◆ DATA EXCERPT:
·····
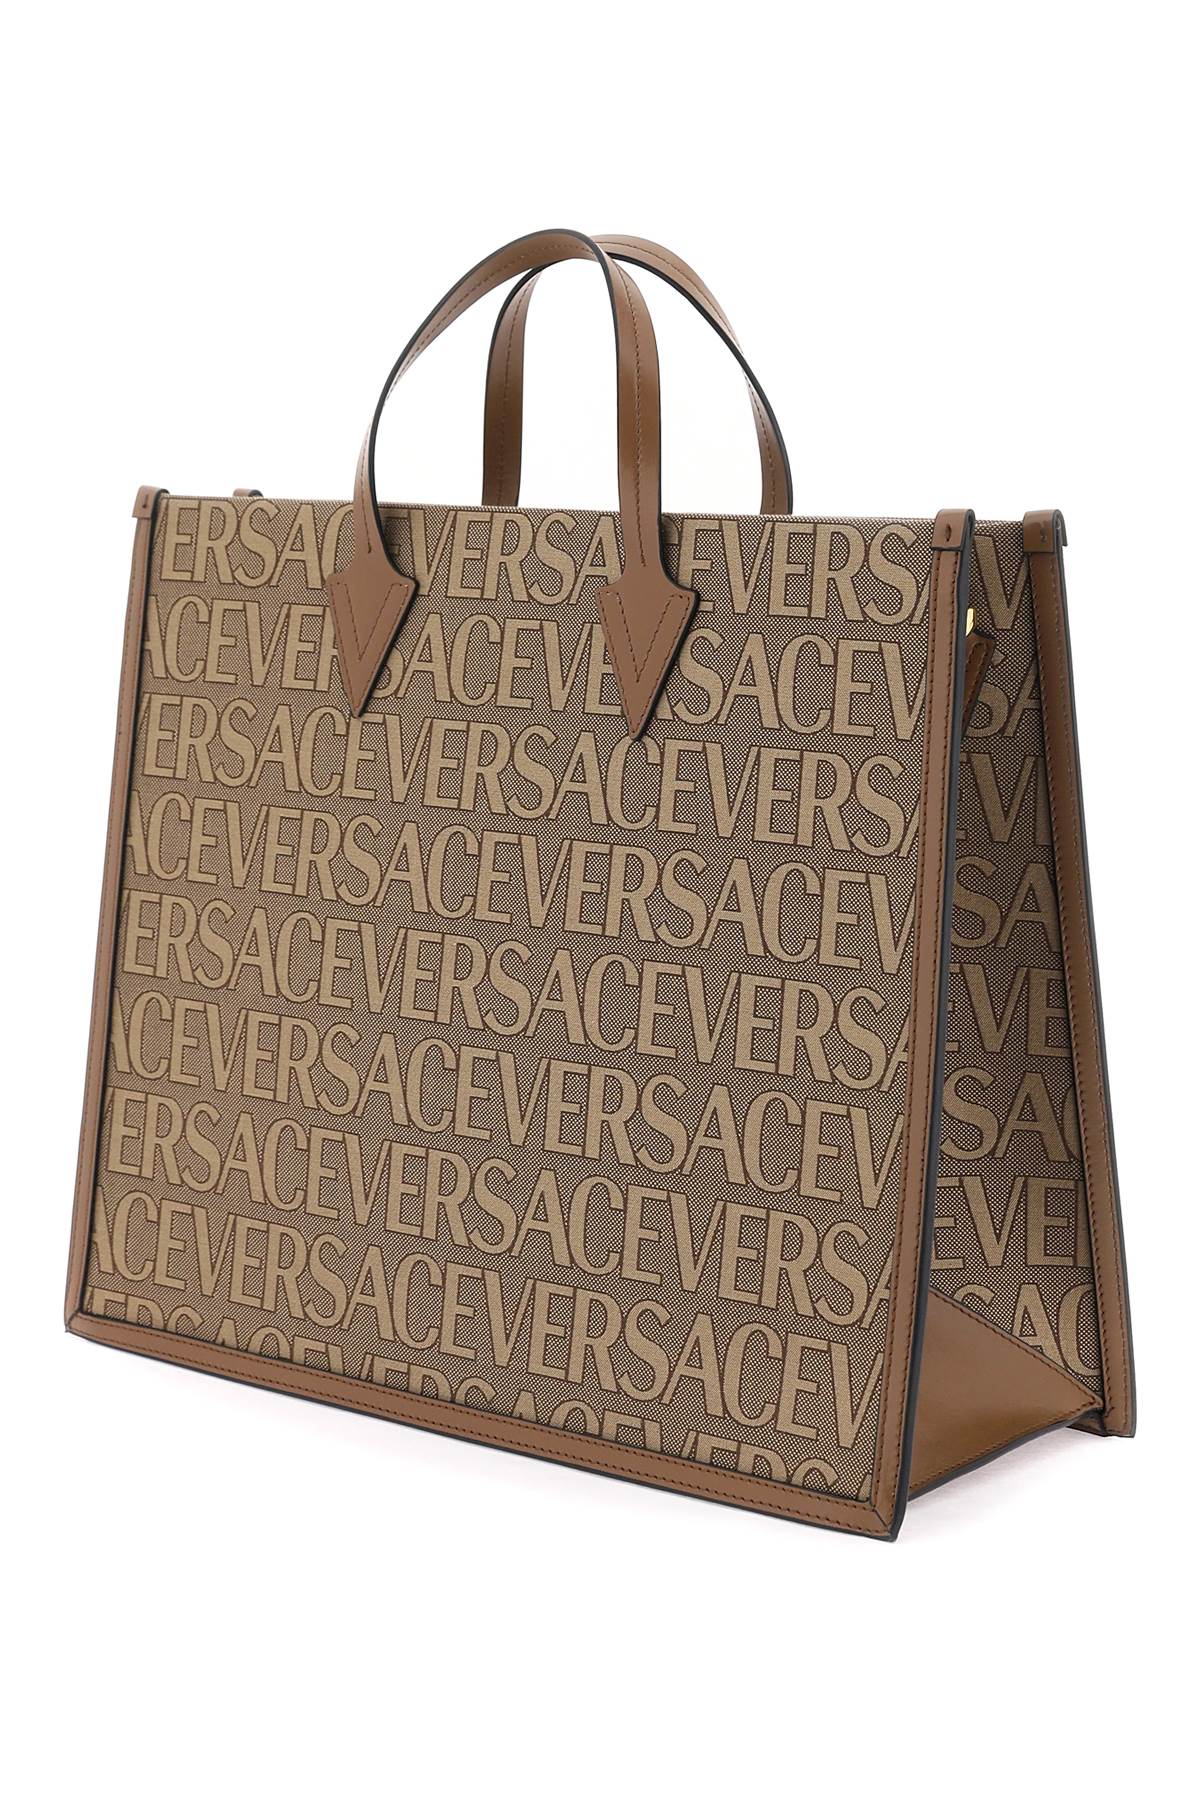 Versace versace allover shopper bag-1
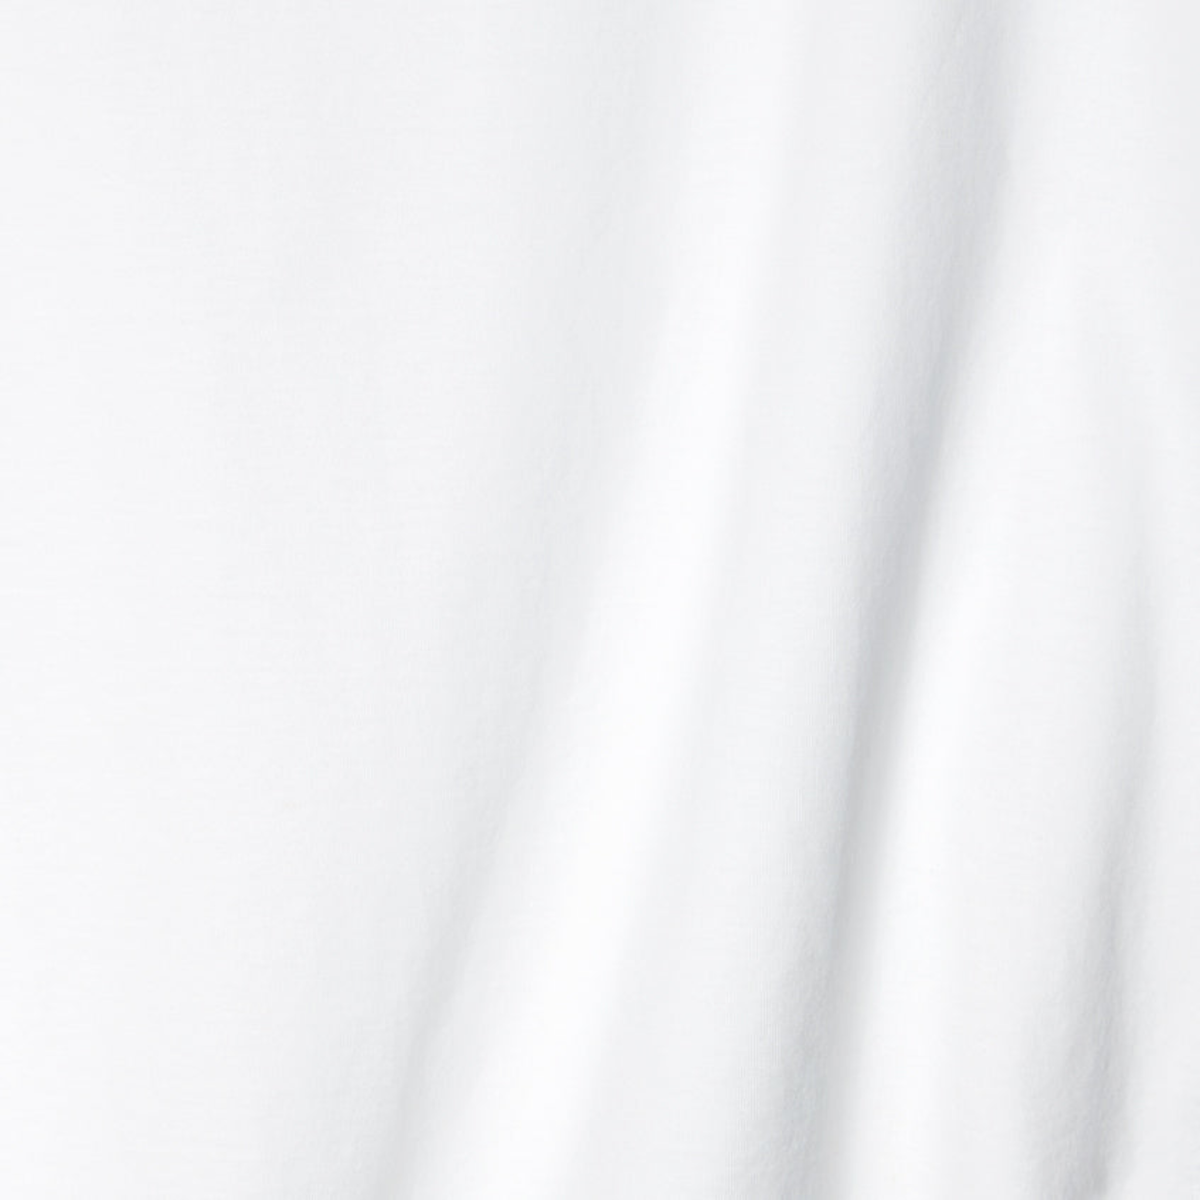 Fabric Closeup of White Sferra Caricia Pant
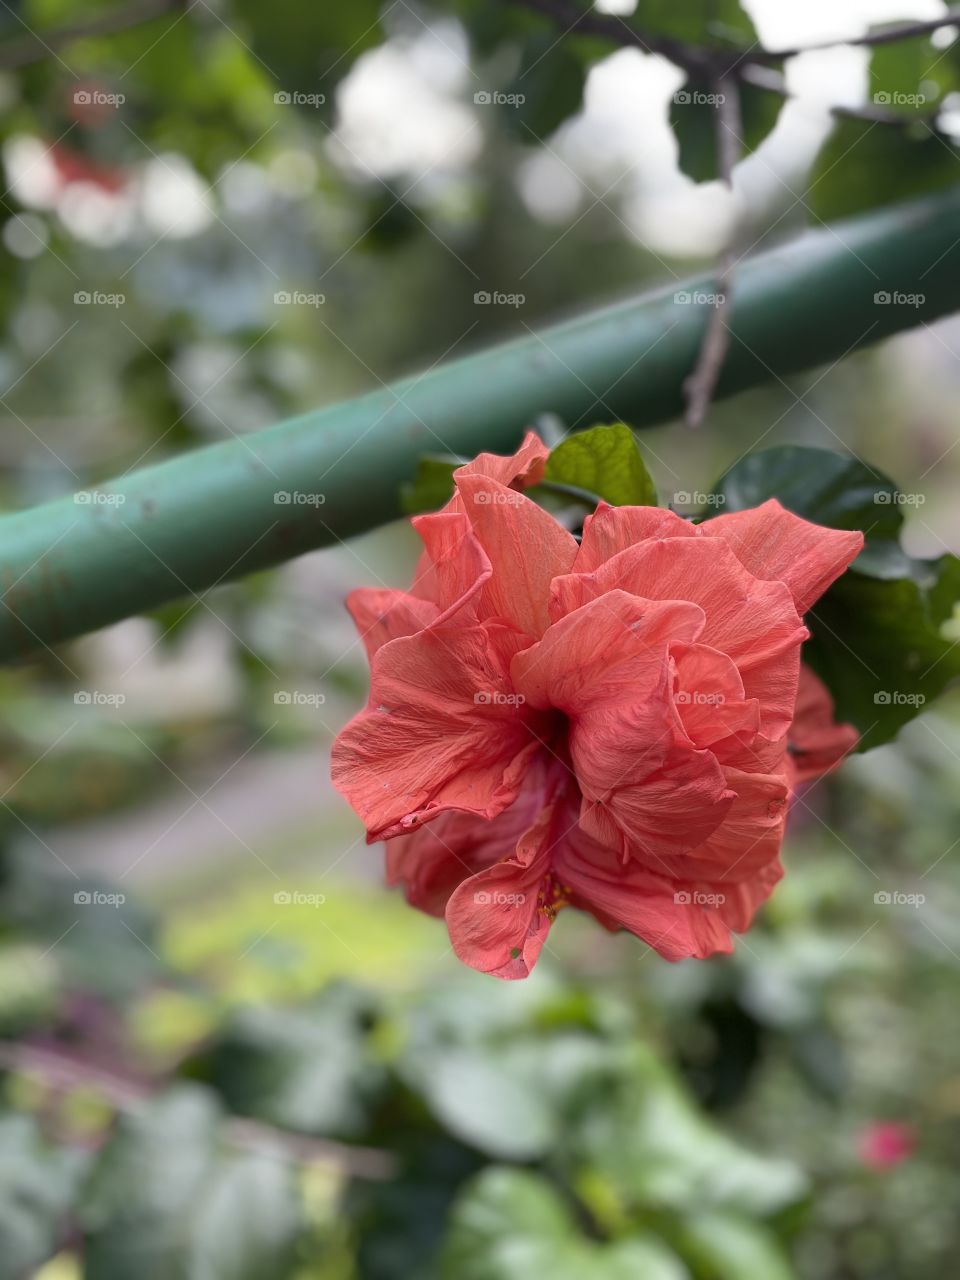 Red gumamela flower
·····
◆ PROBLEM DETAILS:
None of the pictures should be reproduced; all other material above must be set down exactly.

◆ SOLUTION:
 Versace versace allover shopper bag-1
 Fabric Closeup of White Sferra Caricia Pant
 Red gumamela flower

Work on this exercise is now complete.